Heather Erickson, 2020 Marek Scholarship Award Recipient
The Early Bird Foray
There was so much to love about NAMA 2022 National Foray, starting with the first day. I rode down with John and Claudette Lamprecht, so we made sure we arrived in time for the Early Bird Foray. I am happy we did. It was probably my favorite. It was right on the lodge property. And we had a lot of great people that went for this hike which made it particularly informative. This is also where I gleefully found lots of Black Trumpets, which were already dehydrated due to how dry the weather had been. This saved us a lot of work, and they were everywhere on this foray.
While the drought made it tough to bring home baskets full of edibles, there was still a lot of variety to be found. The I Naturalist app was quickly adopted by the foray attendees.
As of 12/16/2022, I Naturalist says that for the NAMA 2022 Project, 83 observers made 1402 observations, and of those observations, there 310 species were identified by 72 identifiers.
I learned a lot from all of the classes and speakers, but my personal favorite was Watercolor Painting with Denis Benjamin. I hadn’t painted since I was young, so it was wonderful to try again. I remembered how fun it was to try to recreate something on paper.
The teacher was very encouraging. His philosophy is that we do the best we can, but it is art, not the real thing, so it is nice to let the viewer fill in some of the details themselves as they engage with it. I had never thought of it that way before. This mindset is a great way to eliminate perfectionism from your art. And when you paint, constantly trying to improve the painting can sometimes cause trouble. The instructor recommended that you stop painting before you think it is time to stop.
His wife also assisted in the classroom. She was equally encouraging.

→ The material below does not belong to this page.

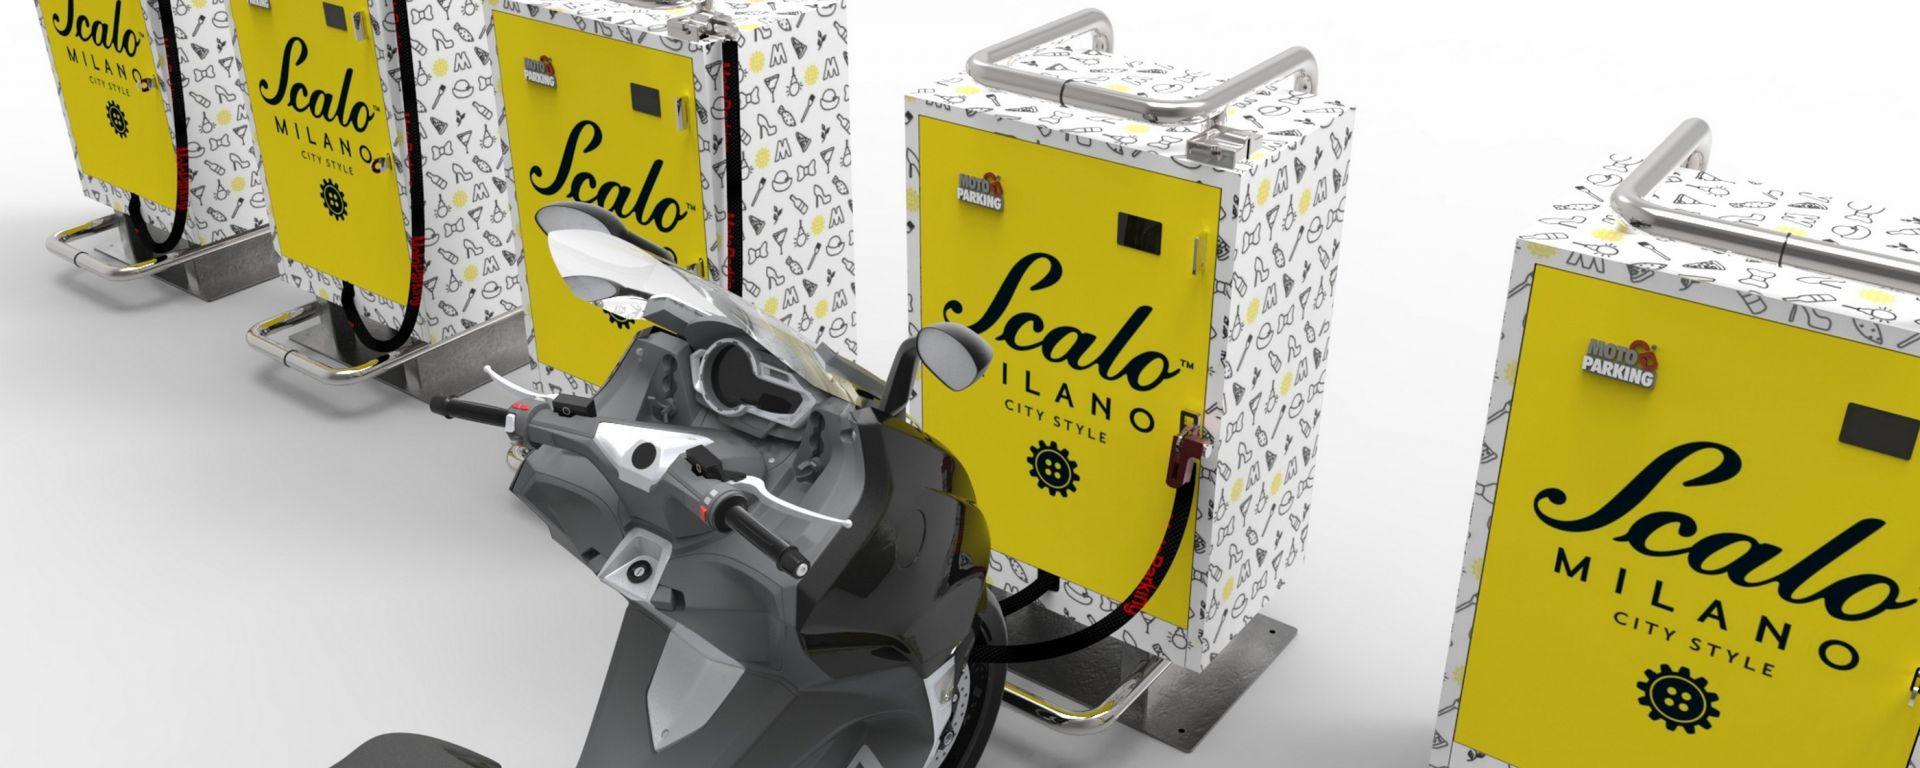 Motoparking Scalo Milano

When she saw my painting, she stopped and said, “This isn’t your first time.” I told her it had been about a quarter of a century. She said, “I hope this inspires you to take it back up.” I think I might. Especially with the winter months approaching.
The NAMA Community
After having some time to reflect on it, I would say that the most valuable part of the NAMA Foray was the community. Some members of that community were people I knew from our club. I was pretty proud to learn that the MMS had the close to, if not the most, members in attendance of any club.

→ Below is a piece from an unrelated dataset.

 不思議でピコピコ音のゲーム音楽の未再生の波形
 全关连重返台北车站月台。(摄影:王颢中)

We are also very fortunate to have some pretty amazing members like Kathy Yerich, who won the 2022 Harry and Elsie Knighton Service Award. This award is presented to one person at NAMA each year for their service to their local club. It was well deserved.
John Lamprecht was diligent in observing as many mushrooms as possible. In fact, he made the most observations of any NAMA member at NAMA 2022. But even more important, he also helped other NAMA members who were new to I Naturalist get comfortable using the app and making observations.
I got to meet many other great people at the foray. Some were people whose names I have seen in newsletters, emails, and magazines for years but had never met in person. They were all so down to earth and, like John, were generous with their time and their knowledge. I think that is something that can be said for most people who are interested in mycology. So long as we don’t have to tell you our secret foraging spots, we will tell you just about anything else you want to know.
Consider Going to NAMA
If you get an opportunity to go on a regional or national NAMA Foray– I highly recommend you take it! I had that opportunity thanks to the Marek Scholarship. I am so grateful for the opportunity the scholarship gave me to experience the NAMA Foray for the first time. If you have never been to the NAMA Foray, consider applying for the scholarship.